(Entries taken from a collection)
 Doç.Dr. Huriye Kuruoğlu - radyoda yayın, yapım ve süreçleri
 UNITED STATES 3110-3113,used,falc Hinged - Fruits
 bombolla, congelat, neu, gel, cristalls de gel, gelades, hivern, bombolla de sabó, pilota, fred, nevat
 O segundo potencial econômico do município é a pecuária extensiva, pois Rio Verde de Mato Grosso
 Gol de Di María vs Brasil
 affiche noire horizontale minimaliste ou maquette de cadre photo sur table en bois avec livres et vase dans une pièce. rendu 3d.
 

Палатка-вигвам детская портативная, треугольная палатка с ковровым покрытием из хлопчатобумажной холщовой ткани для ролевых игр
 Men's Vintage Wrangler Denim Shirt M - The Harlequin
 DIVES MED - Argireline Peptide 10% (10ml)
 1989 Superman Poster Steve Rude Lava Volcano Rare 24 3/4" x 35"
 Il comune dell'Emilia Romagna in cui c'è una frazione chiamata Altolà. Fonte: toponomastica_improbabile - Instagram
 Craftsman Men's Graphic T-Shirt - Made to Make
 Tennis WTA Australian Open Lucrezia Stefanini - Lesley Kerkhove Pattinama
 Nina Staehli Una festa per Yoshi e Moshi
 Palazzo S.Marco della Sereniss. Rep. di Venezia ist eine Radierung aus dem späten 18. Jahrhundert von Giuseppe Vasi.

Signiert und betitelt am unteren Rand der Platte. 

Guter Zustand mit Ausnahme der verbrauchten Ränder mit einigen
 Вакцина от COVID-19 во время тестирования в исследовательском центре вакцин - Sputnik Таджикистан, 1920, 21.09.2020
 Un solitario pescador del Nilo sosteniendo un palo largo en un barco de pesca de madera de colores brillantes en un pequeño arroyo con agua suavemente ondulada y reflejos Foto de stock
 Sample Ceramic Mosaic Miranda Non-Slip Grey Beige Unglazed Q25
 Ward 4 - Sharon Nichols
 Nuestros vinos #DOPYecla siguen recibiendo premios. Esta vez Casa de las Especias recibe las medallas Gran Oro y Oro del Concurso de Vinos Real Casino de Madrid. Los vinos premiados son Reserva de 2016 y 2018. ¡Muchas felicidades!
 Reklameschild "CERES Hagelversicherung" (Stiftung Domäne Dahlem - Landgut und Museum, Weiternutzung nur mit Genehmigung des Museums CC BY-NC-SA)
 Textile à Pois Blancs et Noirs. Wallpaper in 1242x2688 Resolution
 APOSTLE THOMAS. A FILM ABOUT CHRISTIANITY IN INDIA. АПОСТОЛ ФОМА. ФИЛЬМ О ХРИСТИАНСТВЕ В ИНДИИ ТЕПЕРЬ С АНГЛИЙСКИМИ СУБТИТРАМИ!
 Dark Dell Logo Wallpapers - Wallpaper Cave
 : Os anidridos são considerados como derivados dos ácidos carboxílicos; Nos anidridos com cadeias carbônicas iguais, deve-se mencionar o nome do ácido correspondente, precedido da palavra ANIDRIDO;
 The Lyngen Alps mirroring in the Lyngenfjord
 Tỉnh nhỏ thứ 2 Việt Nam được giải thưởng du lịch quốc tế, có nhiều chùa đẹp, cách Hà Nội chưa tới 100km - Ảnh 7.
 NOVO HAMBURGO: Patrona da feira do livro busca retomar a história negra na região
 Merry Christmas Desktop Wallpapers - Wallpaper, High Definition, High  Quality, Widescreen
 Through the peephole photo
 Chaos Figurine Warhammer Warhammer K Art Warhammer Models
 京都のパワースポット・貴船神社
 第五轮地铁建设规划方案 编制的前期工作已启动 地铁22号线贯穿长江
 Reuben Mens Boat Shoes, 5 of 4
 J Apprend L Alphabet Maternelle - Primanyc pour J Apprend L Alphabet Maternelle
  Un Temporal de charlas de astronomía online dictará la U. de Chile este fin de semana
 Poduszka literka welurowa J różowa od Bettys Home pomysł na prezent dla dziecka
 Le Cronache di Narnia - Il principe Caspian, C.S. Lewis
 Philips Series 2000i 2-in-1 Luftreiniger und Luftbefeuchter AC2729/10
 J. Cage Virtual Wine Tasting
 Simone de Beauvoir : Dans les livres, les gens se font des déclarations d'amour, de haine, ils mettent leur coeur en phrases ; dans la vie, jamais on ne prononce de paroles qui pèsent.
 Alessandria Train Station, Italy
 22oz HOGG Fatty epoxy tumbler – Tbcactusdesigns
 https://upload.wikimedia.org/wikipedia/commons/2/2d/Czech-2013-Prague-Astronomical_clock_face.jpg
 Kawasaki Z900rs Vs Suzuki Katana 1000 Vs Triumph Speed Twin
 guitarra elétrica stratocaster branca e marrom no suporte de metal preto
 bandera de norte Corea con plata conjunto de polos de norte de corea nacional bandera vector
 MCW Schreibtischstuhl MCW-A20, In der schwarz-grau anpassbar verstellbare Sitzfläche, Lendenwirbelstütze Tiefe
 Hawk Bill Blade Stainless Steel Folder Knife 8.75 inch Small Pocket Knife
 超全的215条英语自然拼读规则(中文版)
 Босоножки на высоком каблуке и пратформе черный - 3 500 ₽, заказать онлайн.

## What this task involves
Retype the entries. Every line must match exactly.

## Response to the exercise
 Doç.Dr. Huriye Kuruoğlu - radyoda yayın, yapım ve süreçleri
 UNITED STATES 3110-3113,used,falc Hinged - Fruits
 bombolla, congelat, neu, gel, cristalls de gel, gelades, hivern, bombolla de sabó, pilota, fred, nevat
 O segundo potencial econômico do município é a pecuária extensiva, pois Rio Verde de Mato Grosso
 Gol de Di María vs Brasil
 affiche noire horizontale minimaliste ou maquette de cadre photo sur table en bois avec livres et vase dans une pièce. rendu 3d.
 

Палатка-вигвам детская портативная, треугольная палатка с ковровым покрытием из хлопчатобумажной холщовой ткани для ролевых игр
 Men's Vintage Wrangler Denim Shirt M - The Harlequin
 DIVES MED - Argireline Peptide 10% (10ml)
 1989 Superman Poster Steve Rude Lava Volcano Rare 24 3/4" x 35"
 Il comune dell'Emilia Romagna in cui c'è una frazione chiamata Altolà. Fonte: toponomastica_improbabile - Instagram
 Craftsman Men's Graphic T-Shirt - Made to Make
 Tennis WTA Australian Open Lucrezia Stefanini - Lesley Kerkhove Pattinama
 Nina Staehli Una festa per Yoshi e Moshi
 Palazzo S.Marco della Sereniss. Rep. di Venezia ist eine Radierung aus dem späten 18. Jahrhundert von Giuseppe Vasi.

Signiert und betitelt am unteren Rand der Platte. 

Guter Zustand mit Ausnahme der verbrauchten Ränder mit einigen
 Вакцина от COVID-19 во время тестирования в исследовательском центре вакцин - Sputnik Таджикистан, 1920, 21.09.2020
 Un solitario pescador del Nilo sosteniendo un palo largo en un barco de pesca de madera de colores brillantes en un pequeño arroyo con agua suavemente ondulada y reflejos Foto de stock
 Sample Ceramic Mosaic Miranda Non-Slip Grey Beige Unglazed Q25
 Ward 4 - Sharon Nichols
 Nuestros vinos #DOPYecla siguen recibiendo premios. Esta vez Casa de las Especias recibe las medallas Gran Oro y Oro del Concurso de Vinos Real Casino de Madrid. Los vinos premiados son Reserva de 2016 y 2018. ¡Muchas felicidades!
 Reklameschild "CERES Hagelversicherung" (Stiftung Domäne Dahlem - Landgut und Museum, Weiternutzung nur mit Genehmigung des Museums CC BY-NC-SA)
 Textile à Pois Blancs et Noirs. Wallpaper in 1242x2688 Resolution
 APOSTLE THOMAS. A FILM ABOUT CHRISTIANITY IN INDIA. АПОСТОЛ ФОМА. ФИЛЬМ О ХРИСТИАНСТВЕ В ИНДИИ ТЕПЕРЬ С АНГЛИЙСКИМИ СУБТИТРАМИ!
 Dark Dell Logo Wallpapers - Wallpaper Cave
 : Os anidridos são considerados como derivados dos ácidos carboxílicos; Nos anidridos com cadeias carbônicas iguais, deve-se mencionar o nome do ácido correspondente, precedido da palavra ANIDRIDO;
 The Lyngen Alps mirroring in the Lyngenfjord
 Tỉnh nhỏ thứ 2 Việt Nam được giải thưởng du lịch quốc tế, có nhiều chùa đẹp, cách Hà Nội chưa tới 100km - Ảnh 7.
 NOVO HAMBURGO: Patrona da feira do livro busca retomar a história negra na região
 Merry Christmas Desktop Wallpapers - Wallpaper, High Definition, High  Quality, Widescreen
 Through the peephole photo
 Chaos Figurine Warhammer Warhammer K Art Warhammer Models
 京都のパワースポット・貴船神社
 第五轮地铁建设规划方案 编制的前期工作已启动 地铁22号线贯穿长江
 Reuben Mens Boat Shoes, 5 of 4
 J Apprend L Alphabet Maternelle - Primanyc pour J Apprend L Alphabet Maternelle
  Un Temporal de charlas de astronomía online dictará la U. de Chile este fin de semana
 Poduszka literka welurowa J różowa od Bettys Home pomysł na prezent dla dziecka
 Le Cronache di Narnia - Il principe Caspian, C.S. Lewis
 Philips Series 2000i 2-in-1 Luftreiniger und Luftbefeuchter AC2729/10
 J. Cage Virtual Wine Tasting
 Simone de Beauvoir : Dans les livres, les gens se font des déclarations d'amour, de haine, ils mettent leur coeur en phrases ; dans la vie, jamais on ne prononce de paroles qui pèsent.
 Alessandria Train Station, Italy
 22oz HOGG Fatty epoxy tumbler – Tbcactusdesigns
 https://upload.wikimedia.org/wikipedia/commons/2/2d/Czech-2013-Prague-Astronomical_clock_face.jpg
 Kawasaki Z900rs Vs Suzuki Katana 1000 Vs Triumph Speed Twin
 guitarra elétrica stratocaster branca e marrom no suporte de metal preto
 bandera de norte Corea con plata conjunto de polos de norte de corea nacional bandera vector
 MCW Schreibtischstuhl MCW-A20, In der schwarz-grau anpassbar verstellbare Sitzfläche, Lendenwirbelstütze Tiefe
 Hawk Bill Blade Stainless Steel Folder Knife 8.75 inch Small Pocket Knife
 超全的215条英语自然拼读规则(中文版)
 Босоножки на высоком каблуке и пратформе черный - 3 500 ₽, заказать онлайн.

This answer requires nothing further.